O’Donnell told the crowd that the only thing he feared, because it could not be repaired, was a nuclear war with North Korea. And, he said, if the president is subpoenaed but the White House closes its gates and a U.S. marshall cannot serve the subpoena then a branch of the government will not be able to do its job. And that’s how there would be a constitutional crisis.
He drew on his experiences as senior adviser to Sen. Daniel Patrick Moynihan and as staff director for two Senate committees, while making analogies in his book. O’Donnell was also executive producer and writer for “The West Wing.”
Though his book is about 1968, not the election of 2016, O’Donnell stressed that much of contemporary politics has its origins in that fraught election.
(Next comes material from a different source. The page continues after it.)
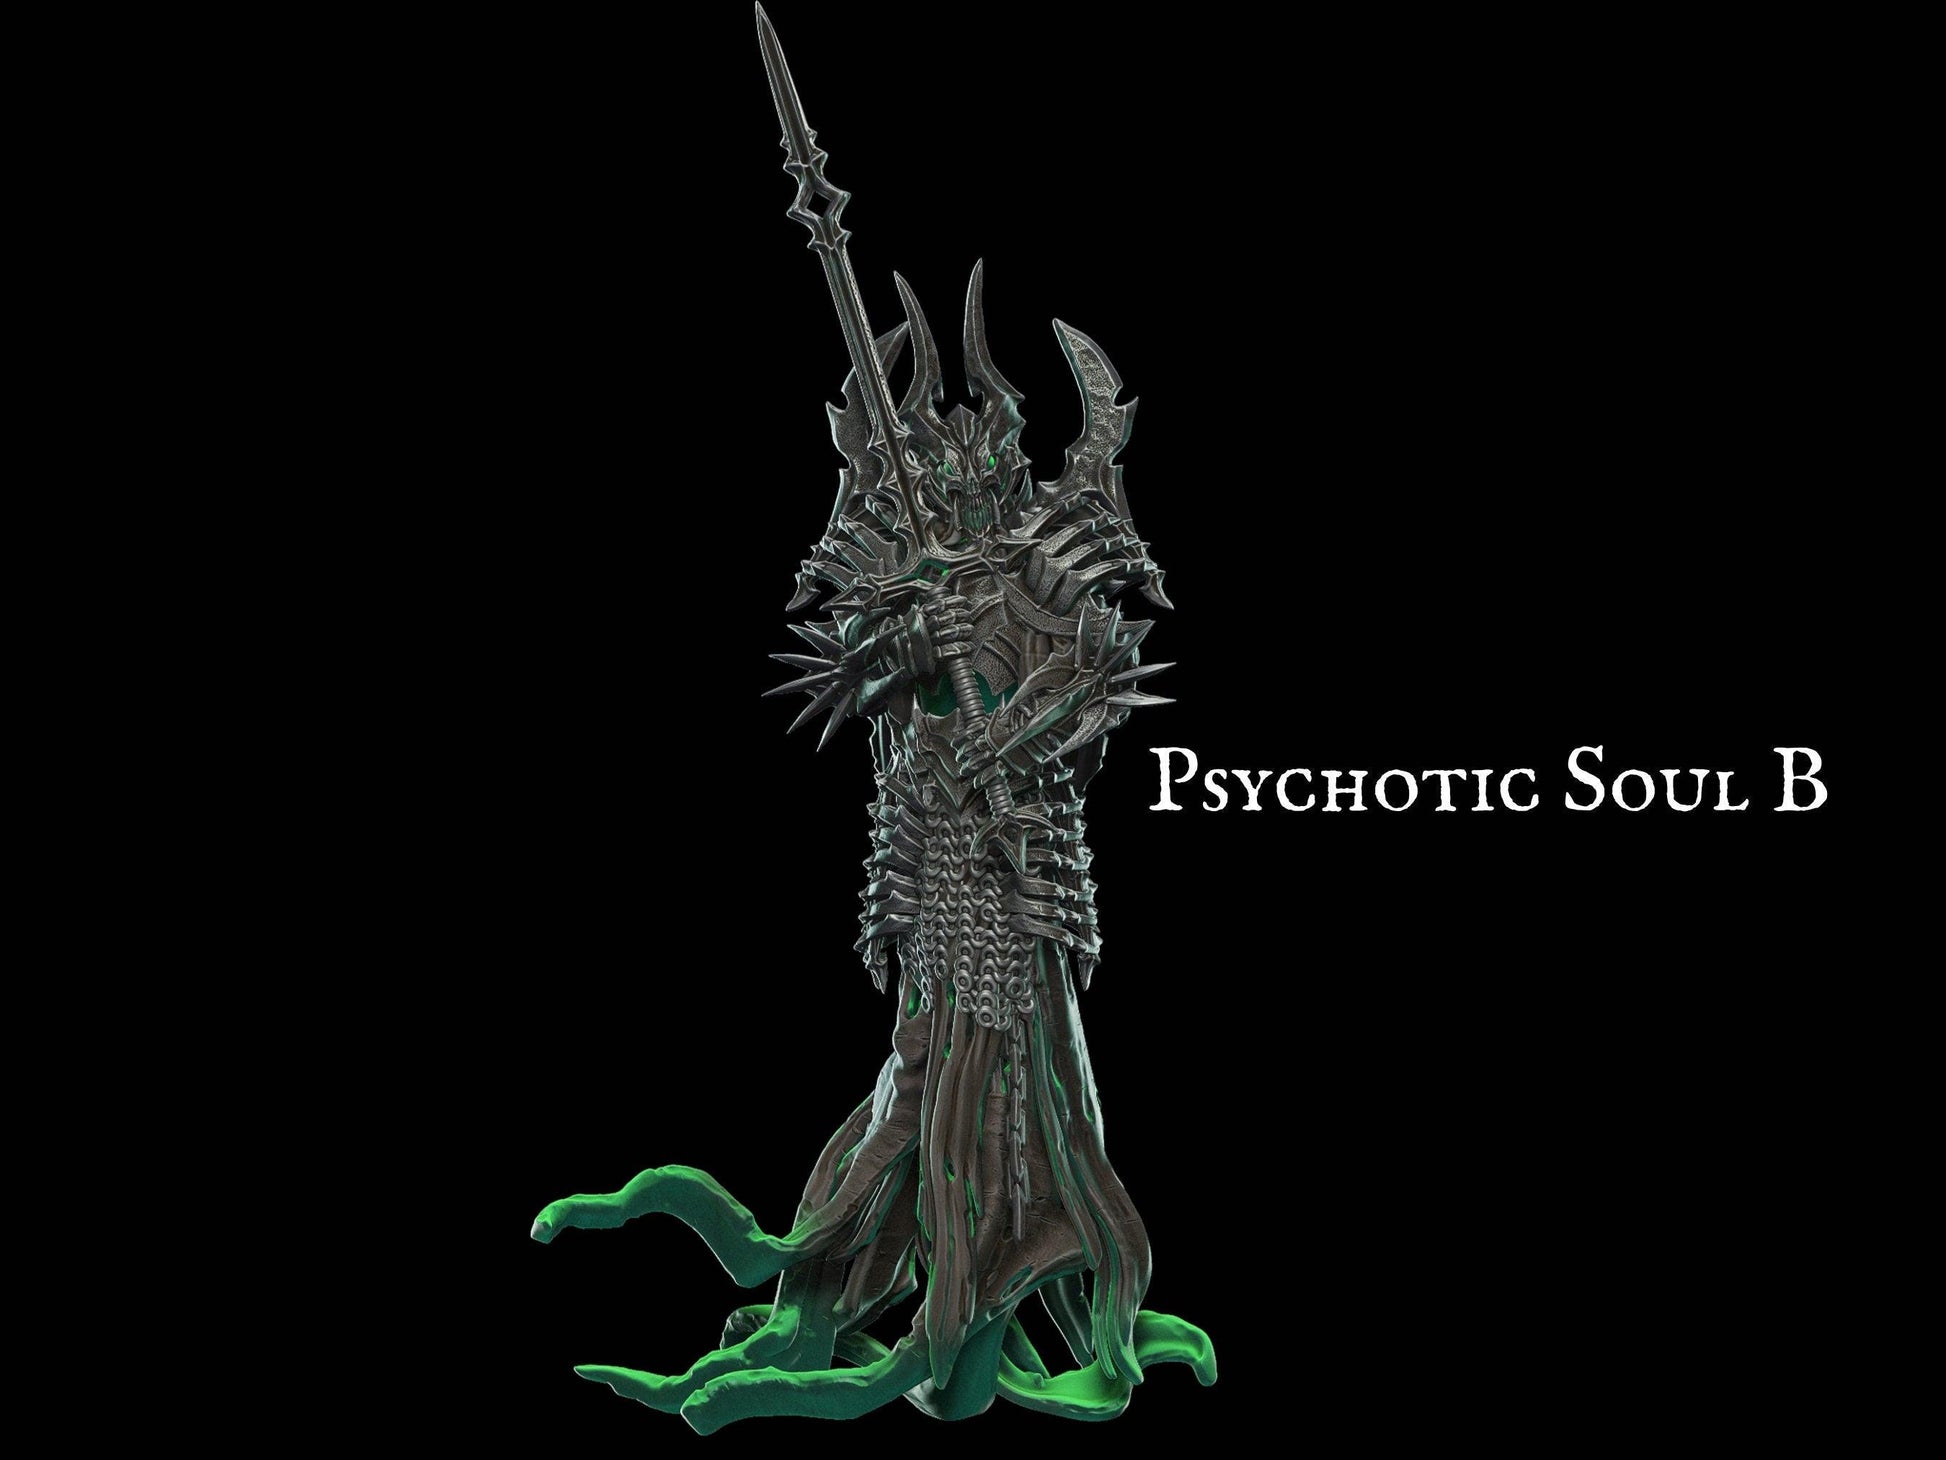 Psychotic Soul Miniature - 3 Poses - 28mm scale Tabletop gaming DnD Miniature Dungeons and Dragons, ttrpg dnd 5e dungeon master gift - Plague Miniatures shop for DnD Miniatures

Segregationist governor George Wallace’s former campaign manager, Tom Turnipseed, recognized Trump’s belligerent approach to hecklers as being identical to what Wallace used to do. Wallace’s audiences, O’Donnell said, saw who his enemies were and what they would do to him.
“Cut to 2016, and a presidential candidate saying, ‘I’d like to punch him in the mouth.’”
Prompted by Johnson, O’Donnell read from his book, including a section describing Robert F. Kennedy reading a passage from “Romeo and Juliet” at the Democratic Convention of 1964: “When he shall die, take him and cut him out into stars and he shall make the face of heaven so fine that all the world will be in love with night and pay no worship to the garish sun.”
That passage, suggested by Jackie Kennedy, brought sighs and a few “wows” from the
“It received a 22-minute ovation,” O’Donnell said.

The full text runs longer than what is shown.